Strong epigenetic similarity between maize centromeric and pericentromeric regions at the level of small RNAs, DNA methylation, and H3 chromatin modifications

Both kinetochore function and sister chromatid cohesion can depend upon pericentromere chromatin structure, and factors associated with heterochromatin have been proposed to have general, conserved roles in distinguishing centromeres and pericentromeres and in conferring pericentromere-intrinsic functions. We applied sequencing approaches to quantify RNA expression, DNA methylation, and histone modification distributions genome-wide in maize (Zea mays), focusing on centromeres and pericentromeres. Aside from the presence of the Histone H3 variant common to all centromeres, Centromeric Histone H3 (CENH3), we found no RNA expression or chromatin modifications that clearly differentiate centromeres from the immediate flanking regions.
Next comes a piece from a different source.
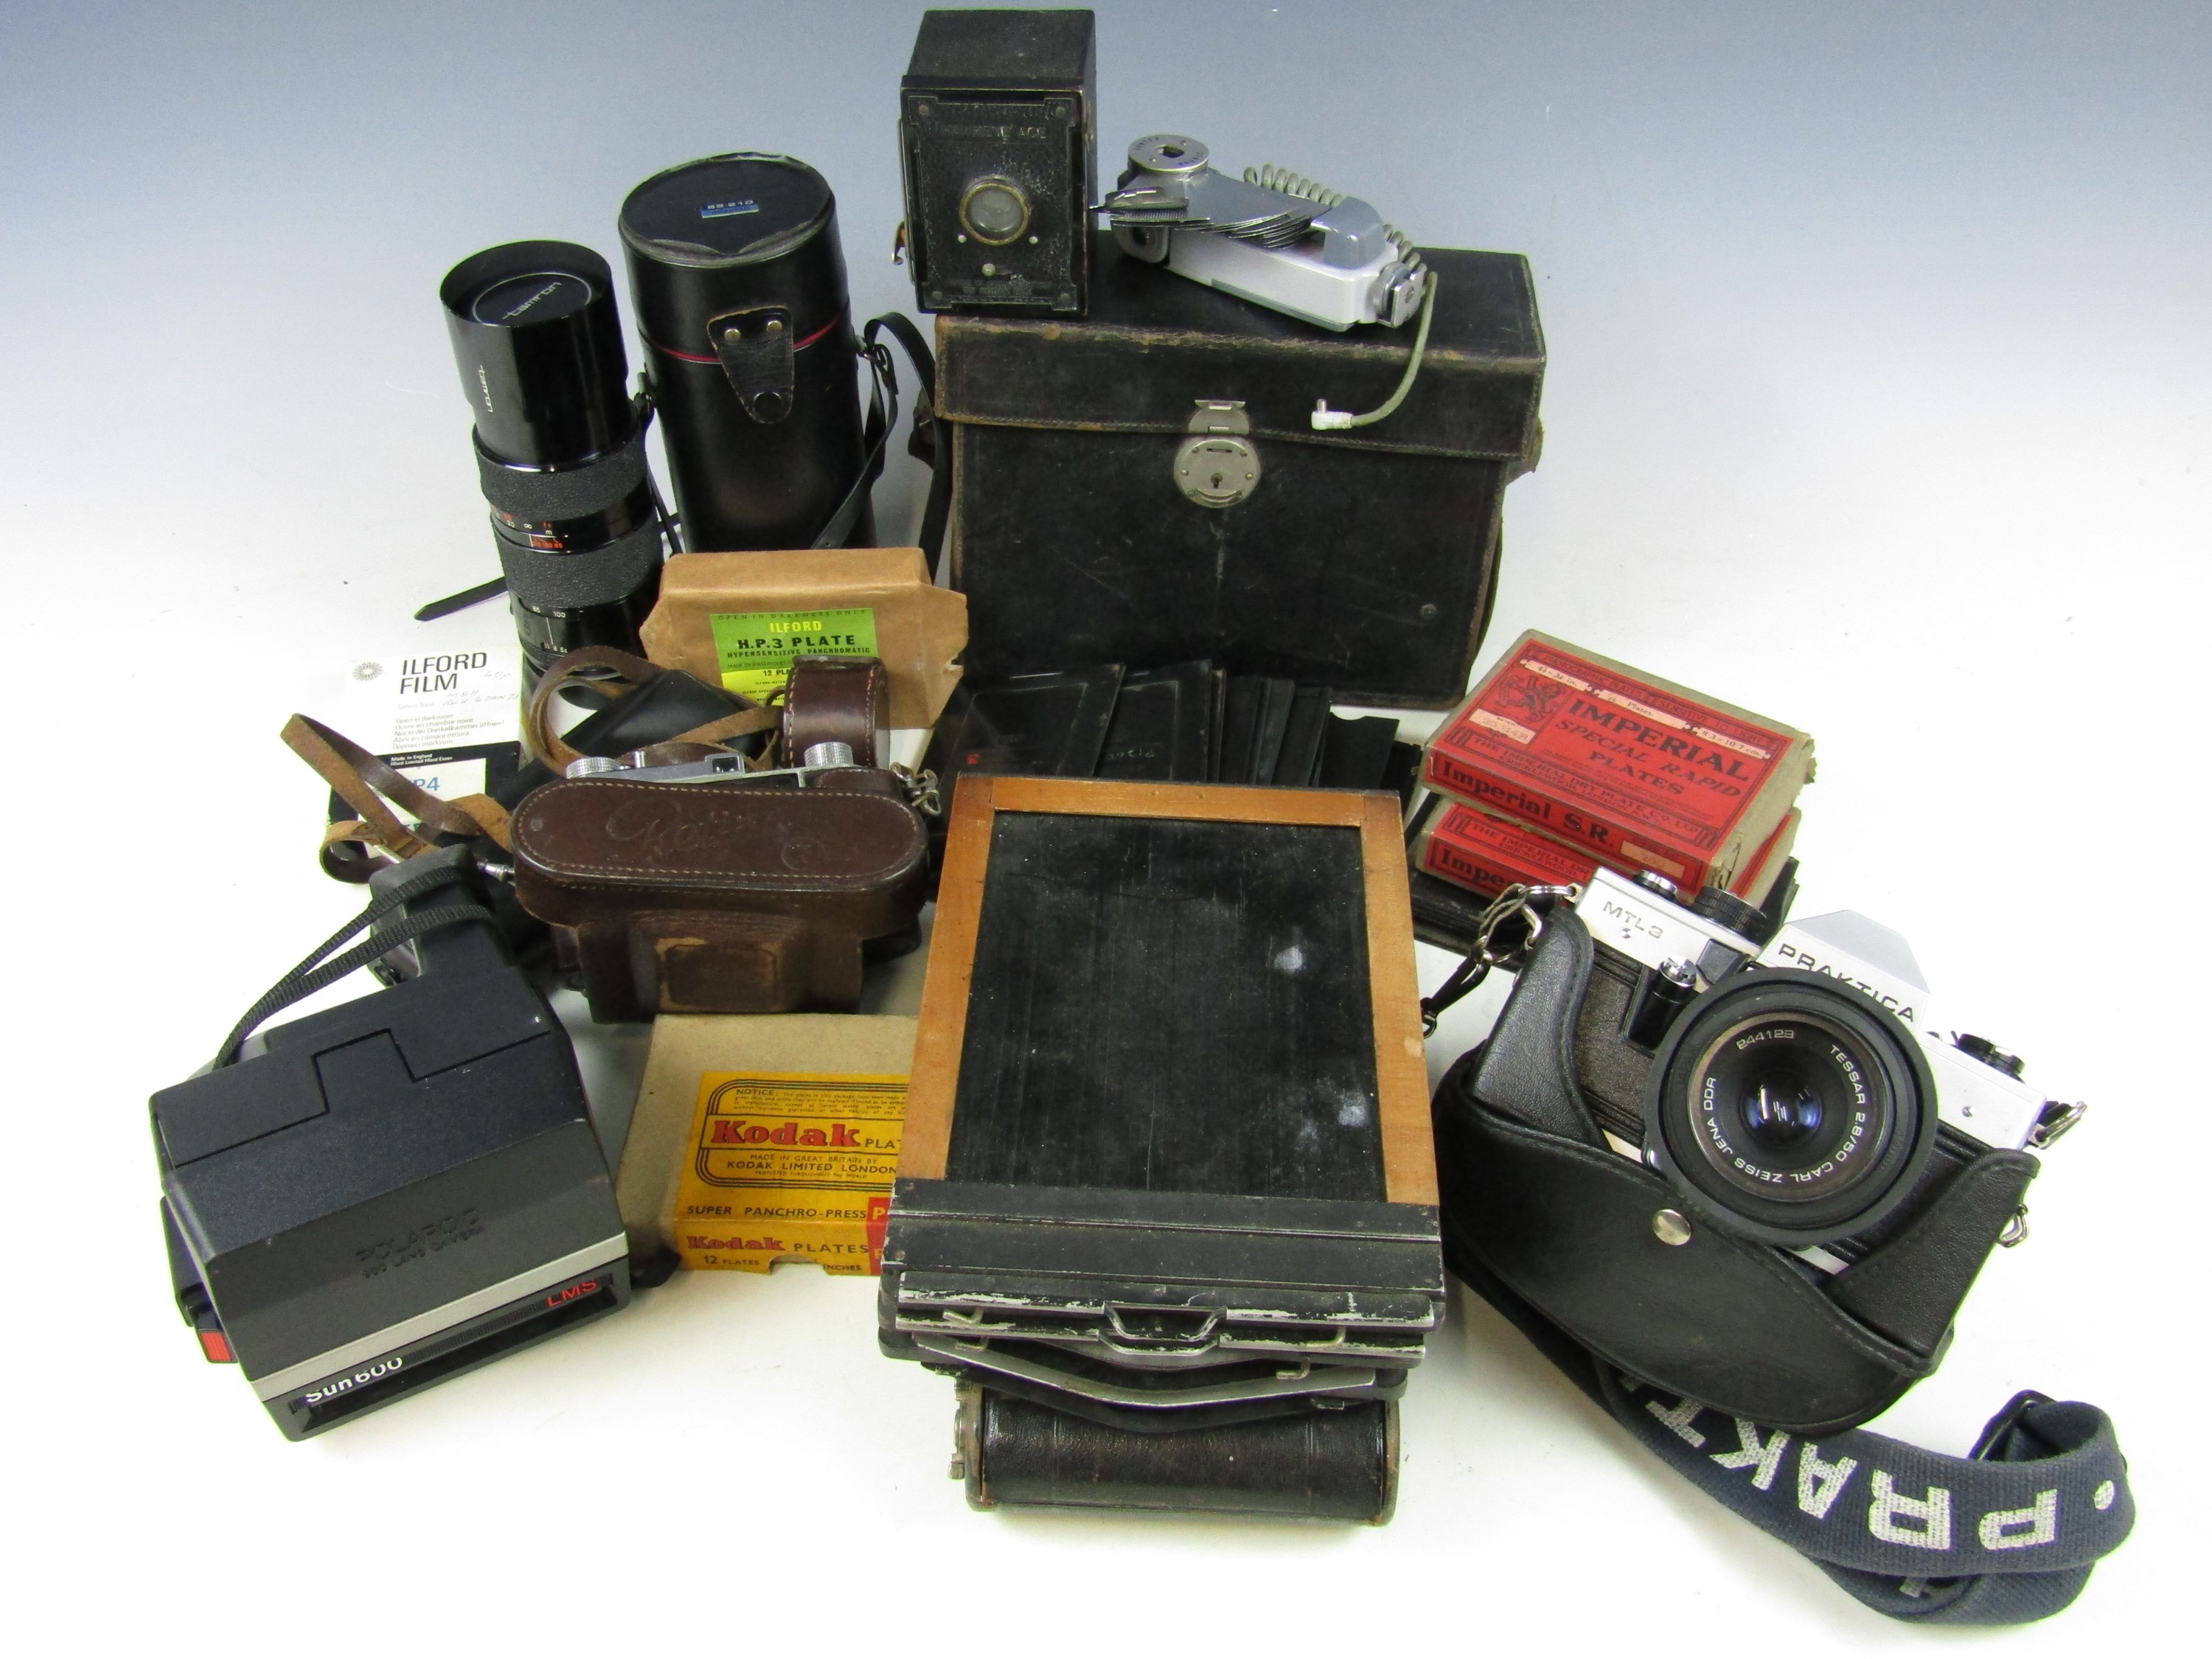 A quantity of cameras including a Praktica MTL3, Lens Tamrun 85 - 210mm zoom, Hawkeye Ace, folding

In general, both RNA expression and chromatin modification frequencies were a function of distance from the centromere, either peaking or dipping toward arms, with the vertices within the centromere. These results do not lend themselves well to models suggesting that specialized heterochromatic regions are required to enable centromere function. Our data suggest that visible pericentromeric heterochromatin in maize and many other species reflects the sharp transition between CENH3 chromatin and H3 chromatin and gradual distance-correlated changes similar to the frequency of recombination in flanking regions.